Pagi setelah Angkasa menerima amplop cokelat itu terasa berbeda. Matahari terbit seperti biasa, namun cahayanya seolah tidak mampu menembus kegelapan yang kini menyelimuti jiwa Angkasa. Ia tidak tidur semalaman. Tumpukan foto Aisha dan pesan ancaman dari Sindikat terus berputar di benaknya seperti film horor tanpa akhir. Setiap kali ia memejamkan mata, yang ia lihat adalah bayangan gerbang sekolah Aisha, sebuah simbol dari dunianya yang rapuh yang kini telah ia seret ke dalam medan perangnya.
Naluri pertamanya adalah amarah. Sebuah amarah primal yang mendidih, mendesak untuk diluapkan dalam bentuk kekerasan. Ia ingin mencari para bedebah itu, menghancurkan mereka satu per satu hingga tidak ada lagi yang bisa mengancam orang yang ia pedulikan. Namun, amarah itu seketika padam setiap kali ia teringat pada taruhannya. Ini bukan lagi tentang dirinya. Satu gerakan gegabah darinya, dan nama baik Aisha, kariernya, seluruh hidupnya, akan menjadi korban. Untuk pertama kalinya, kekuatan fisiknya, keberaniannya di jalanan, terasa tidak berguna. Ia lumpuh, dilumpuhkan oleh perasaannya sendiri.
Ia harus menyembunyikan ini. Ia tidak bisa memberitahu siapa pun. Dika, dengan amarahnya yang meledak-ledak, pasti akan langsung bergerak tanpa pikir panjang. Nova, dengan tatapannya yang tajam, akan melihat ketakutan di mata Angkasa dan mungkin akan kehilangan kepercayaan padanya sebagai pemimpin. Dan Tio, meskipun logis, tidak akan punya solusi untuk masalah hati. Beban ini harus ia pikul sendirian.
Pagi itu, ia memanggil rapat mendadak. Wajahnya ia paksakan setenang mungkin, namun matanya yang kurang tidur dan rahangnya yang mengeras tidak bisa berbohong.
"Ada perubahan rencana," katanya, suaranya datar. "Untuk sementara, kita hentikan semua pergerakan di Jakarta Pusat. Kita fokus perkuat pertahanan di Selatan."
Keputusan itu langsung disambut dengan kebingungan dan protes.
"Berhenti? Kenapa, Ang?!" tanya Dika, nadanya tidak terima. "Kita baru aja dihajar. Harusnya kita balas! Bukan malah jadi pengecut!"
"Ini bukan soal pengecut, ini soal strategi," balas Angkasa, mencoba terdengar meyakinkan. "Mereka lebih kuat dari yang kita duga. Kita butuh waktu untuk mempelajari cara main mereka sebelum kita maju lagi."
"Sejak kapan lo jadi orang yang main aman, Ang?" timpal Nova, tatapannya menusuk. Ia bisa merasakan ada sesuatu yang disembunyikan Angkasa. "Ini bukan seperti diri lo."
"Orang bisa berubah, Nov," jawab Angkasa dingin.
Rapat itu berakhir dengan ketegangan yang menggantung di udara. Untuk pertama kalinya, perintah Angkasa tidak diterima dengan kepatuhan, melainkan dengan keraguan. Mereka tidak mengerti perubahan sikap pemimpin mereka yang mendadak. Mereka tidak tahu bahwa sang Alpha kini sedang bertarung dalam perang lain yang jauh lebih mengerikan di dalam batinnya sendiri.
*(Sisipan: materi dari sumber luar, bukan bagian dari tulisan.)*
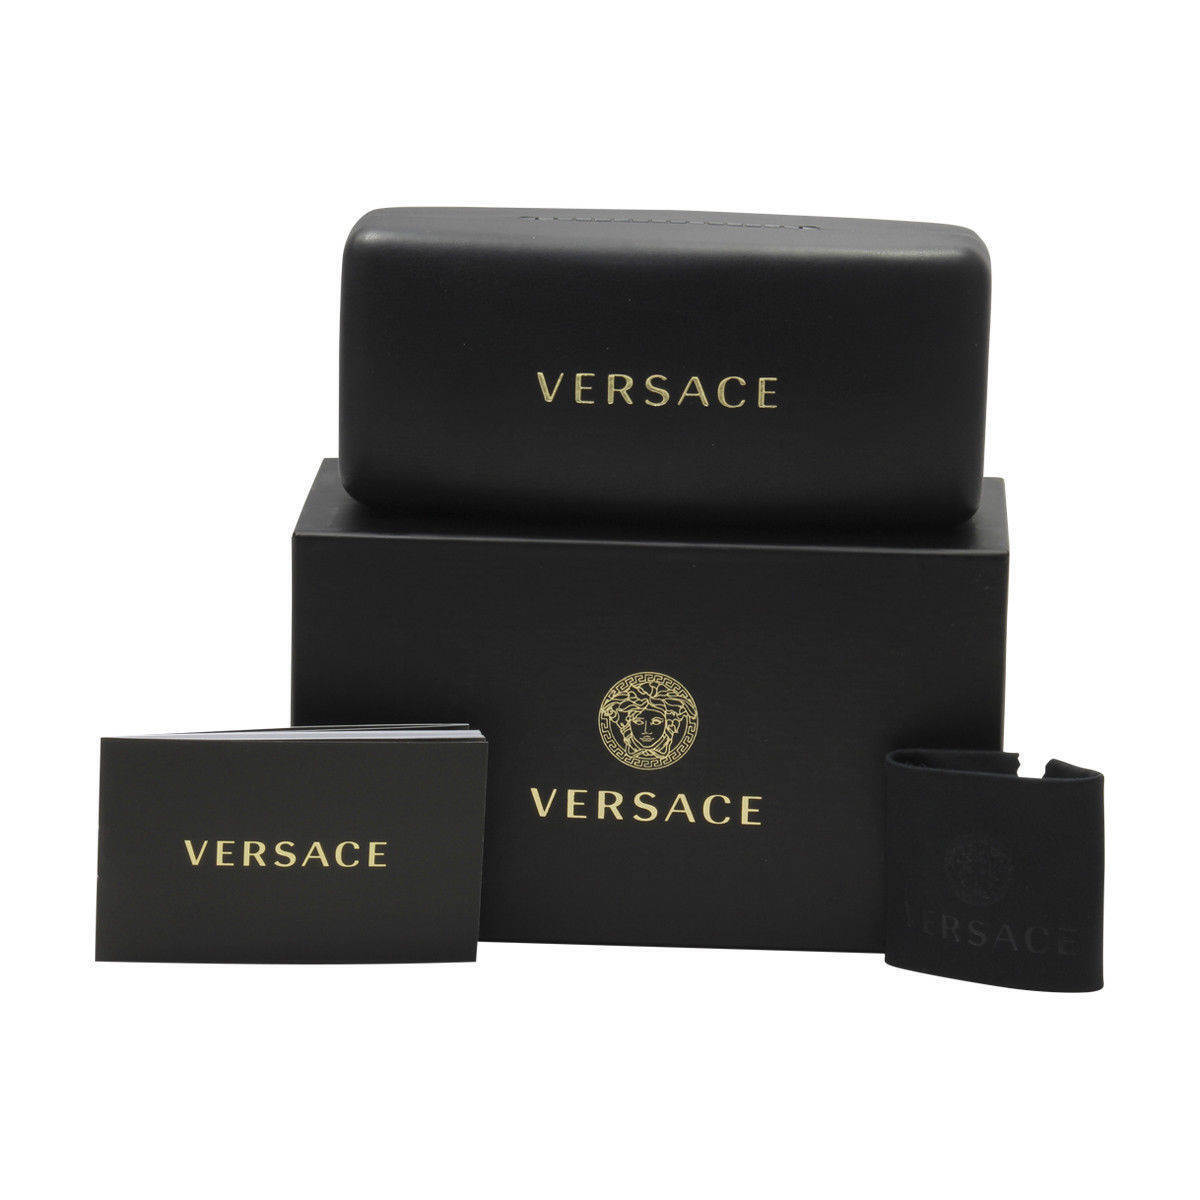 Versace VE4425U-536587-54 54mm New Sunglasses

Siang harinya, pesan itu datang. Dari Budi.
Bos gue mau bicara langsung dengan lo. Malam ini. Tempat yang sama.
Angkasa tahu ia tidak bisa menolak. Ia harus menghadapi hantu ini, mencari tahu apa yang sebenarnya mereka inginkan. Ia pergi seorang diri, melarang siapa pun mengikutinya.
Ruang privat di restoran hotel itu terasa lebih dingin dan lebih megah dari sebelumnya. Budi sudah menunggunya di sana, duduk santai di kursi utama sambil menyesap segelas minuman berwarna keemasan. Ia tersenyum saat Angkasa masuk, senyum seorang pemenang.
"Gue tahu lo bakal datang," kata Budi, memberi isyarat pada kursi di hadapannya.